Cython Structs

C-language objects that let you group variables together

TokenC C struct
Source

Cython data container for the Token object.

Name	Type	Description
`lex`	`const LexemeC*`	A pointer to the lexeme for the token.
`morph`	`uint64_t`	An ID allowing lookup of morphological attributes.
`pos`	`univ_pos_t`	Coarse-grained part-of-speech tag.
`spacy`	`bint`	A binary value indicating whether the token has trailing whitespace.
`tag`	`attr_t`	Fine-grained part-of-speech tag.
`idx`	`int`	The character offset of the token within the parent document.
`lemma`	`attr_t`	Base form of the token, with no inflectional suffixes.
`sense`	`attr_t`	Space for storing a word sense ID, currently unused.
`head`	`int`	Offset of the syntactic parent relative to the token.
`dep`	`attr_t`	Syntactic dependency relation.
`l_kids`	`uint32_t`	Number of left children.
`r_kids`	`uint32_t`	Number of right children.
`l_edge`	`uint32_t`	Offset of the leftmost token of this token’s syntactic descendants.
`r_edge`	`uint32_t`	Offset of the rightmost token of this token’s syntactic descendants.
`sent_start`	`int`	Ternary value indicating whether the token is the first word of a sentence. `0` indicates a missing value, `-1` indicates `False` and `1` indicates `True`. The default value, 0, is interpreted as no sentence break. Sentence boundary detectors will usually set 0 for all tokens except tokens that follow a sentence boundary.
`ent_iob`	`int`	IOB code of named entity tag. `0` indicates a missing value, `1` indicates `I`, `2` indicates `0` and `3` indicates `B`.
`ent_type`	`attr_t`	Named entity type.
`ent_id`	`attr_t`	ID of the entity the token is an instance of, if any. Currently not used, but potentially for coreference resolution.
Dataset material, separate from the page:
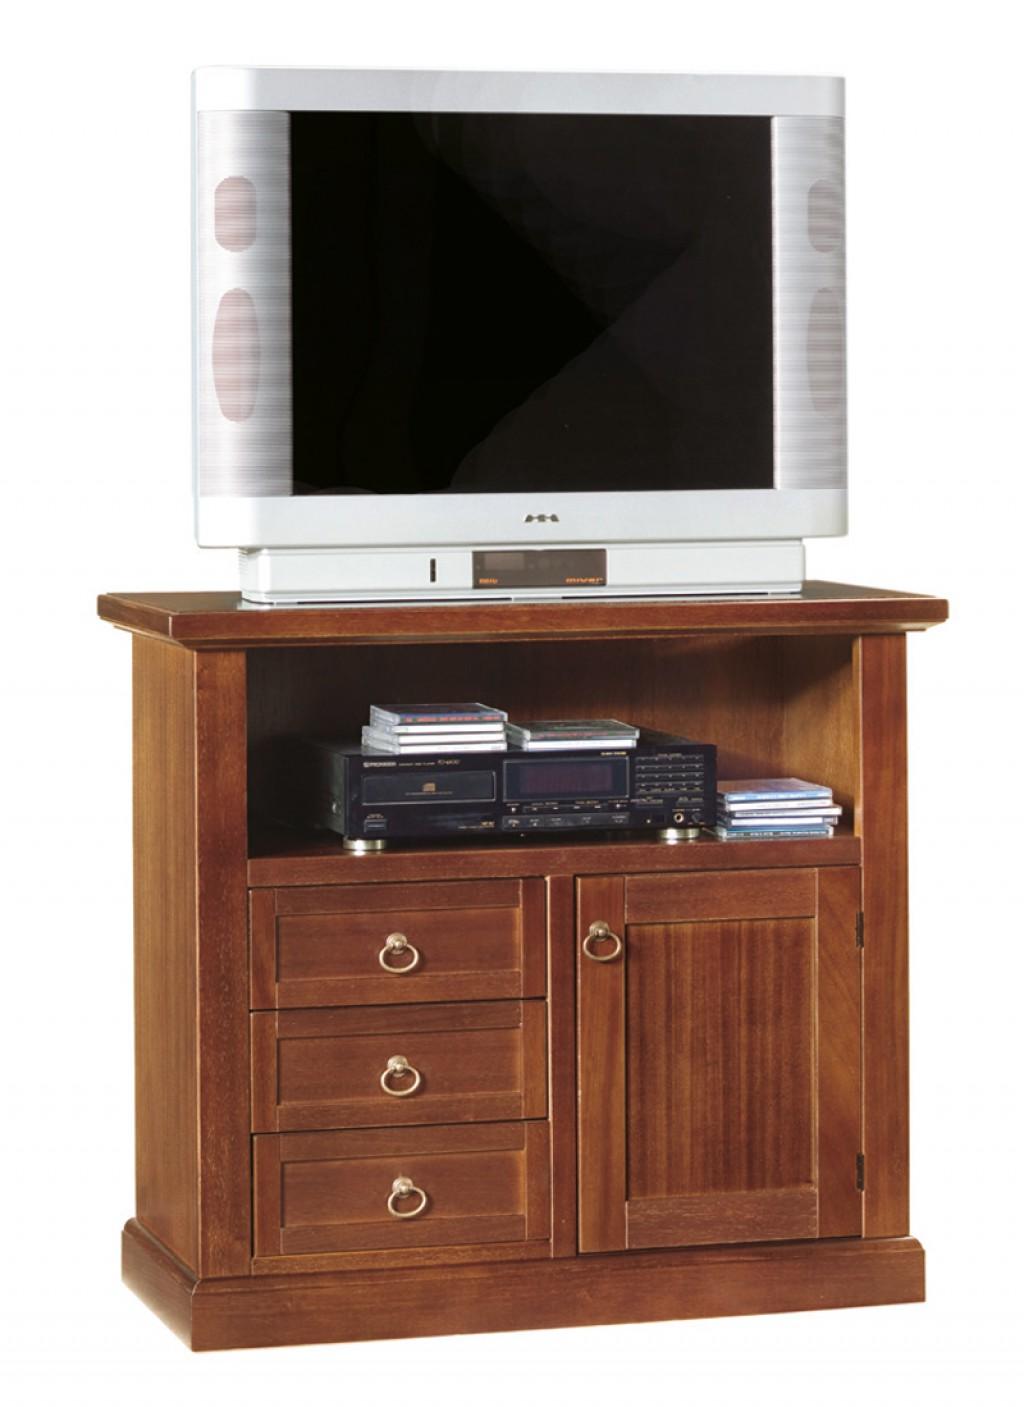 Porta Tv Classico ET378 - Cucine - Mobili di qualità al ...

Token.get_struct_attr staticmethodnogil
Source

Get the value of an attribute from the TokenC struct by attribute ID.

Name	Type	Description
`token`	`const TokenC*`	A pointer to a `TokenC` struct.
`feat_name`	`attr_id_t`	The ID of the attribute to look up. The attributes are enumerated in `spacy.typedefs`.
RETURNS	`attr_t`	The value of the attribute.

Token.set_struct_attr staticmethodnogil
Source

Set the value of an attribute of the TokenC struct by attribute ID.

Name	Type	Description
`token`	`const TokenC*`	A pointer to a `TokenC` struct.
`feat_name`	`attr_id_t`	The ID of the attribute to look up. The attributes are enumerated in `spacy.typedefs`.
`value`	`attr_t`	The value to set.

token_by_start function
Source

Find a token in a TokenC* array by the offset of its first character.

Example

from spacy.tokens.doc cimport Doc, token_by_start
from spacy.vocab cimport Vocab

doc = Doc(Vocab(), words=["hello", "world"])
assert token_by_start(doc.c, doc.length, 6) == 1
assert token_by_start(doc.c, doc.length, 4) == -1

Name	Type	Description
`tokens`	`const TokenC*`	A `TokenC*` array.
`length`	`int`	The number of tokens in the array.
`start_char`	`int`	The start index to search for.
RETURNS	`int`	The index of the token in the array or `-1` if not found.

token_by_end function
Source

Find a token in a TokenC* array by the offset of its final character.

Example

from spacy.tokens.doc cimport Doc, token_by_end
from spacy.vocab cimport Vocab

doc = Doc(Vocab(), words=["hello", "world"])
assert token_by_end(doc.c, doc.length, 5) == 0
assert token_by_end(doc.c, doc.length, 1) == -1

Name	Type	Description
`tokens`	`const TokenC*`	A `TokenC*` array.
`length`	`int`	The number of tokens in the array.
`end_char`	`int`	The end index to search for.
RETURNS	`int`	The index of the token in the array or `-1` if not found.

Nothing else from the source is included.